En partie à cause de cela, en 2017, l’irlandais était la langue la plus chère de l’UE, coûtant jusqu’à 42 € (39 £) la page pour les traductions. Le Parlement européen a dépassé son budget de plus de 3 millions d’euros la même année.

Alors que le catalan est parlé par environ 10 millions de personnes, le basque et le galicien pourraient souffrir de dépassements de coûts à l’irlandaise et de pénuries de traducteurs. Le basque en particulier, une langue isolée et considérée comme la langue la plus ancienne d’Europe, n’est parlé que par environ un million de personnes.

Cependant, l’UE a l’habitude de se taire lorsqu’il s’agit de questions relatives à l’adoption de nouvelles langues officielles. Début 2016, Chypre a demandé à l’UE de reconnaître le turc comme langue officielle, dans le but de stimuler son processus de réunification.
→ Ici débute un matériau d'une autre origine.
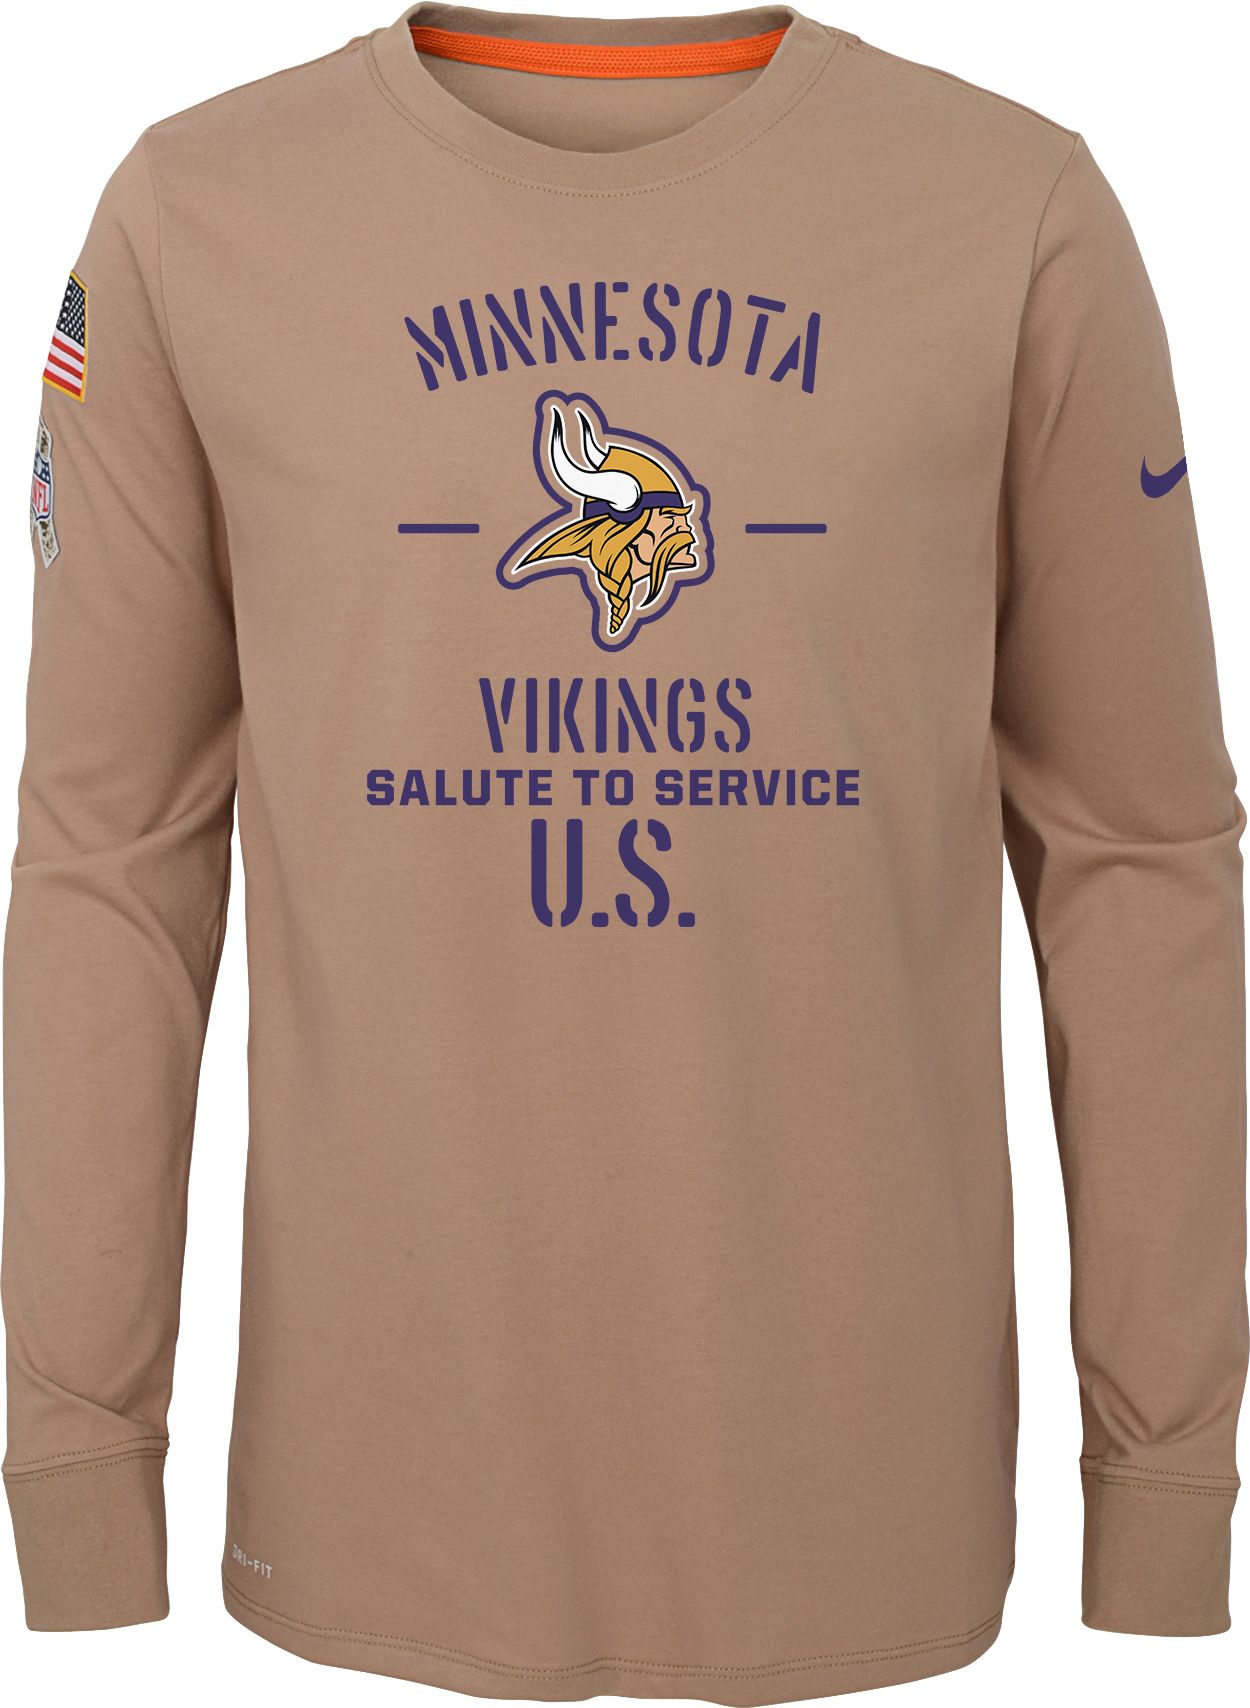 vikings salute to service sweatshirt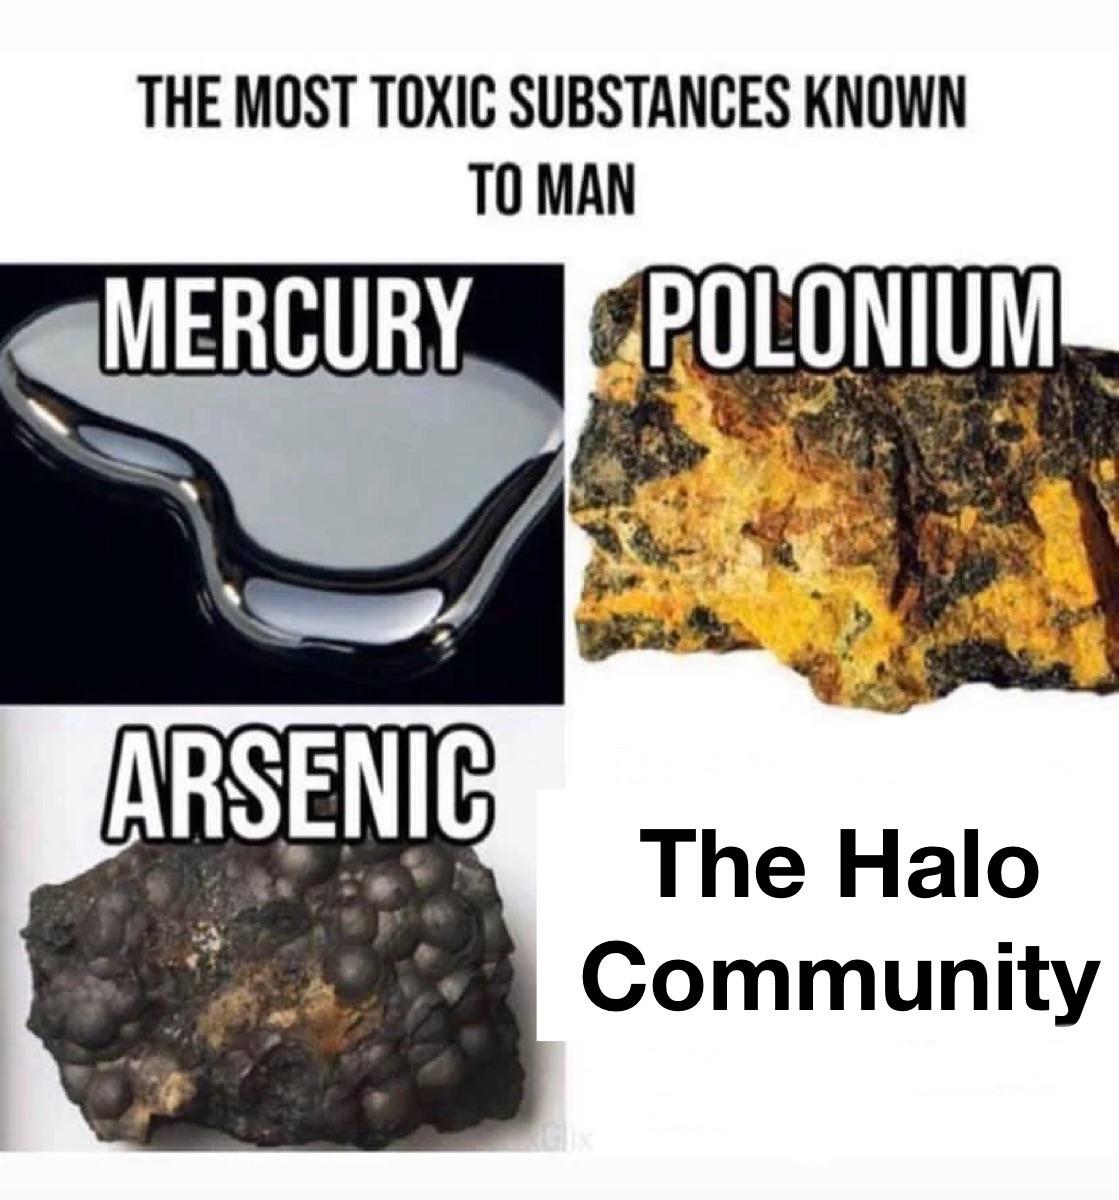 Gaming memes - most toxic substances meme - The Most Toxic Substances Known To Man Mercury Polonium Arsenic The Halo Community

Sept ans plus tard, aucune institution européenne ne s’est prononcée sur la question de l’adoption du turc.

Pourtant, cette situation pourrait très bien convenir à Sánchez. Il a montré son soutien aux partis régionaux en envoyant cette lettre, mais leur adoption étant donné que les langues de l’UE sont désormais un problème à Madrid, c’est désormais un problème à Bruxelles.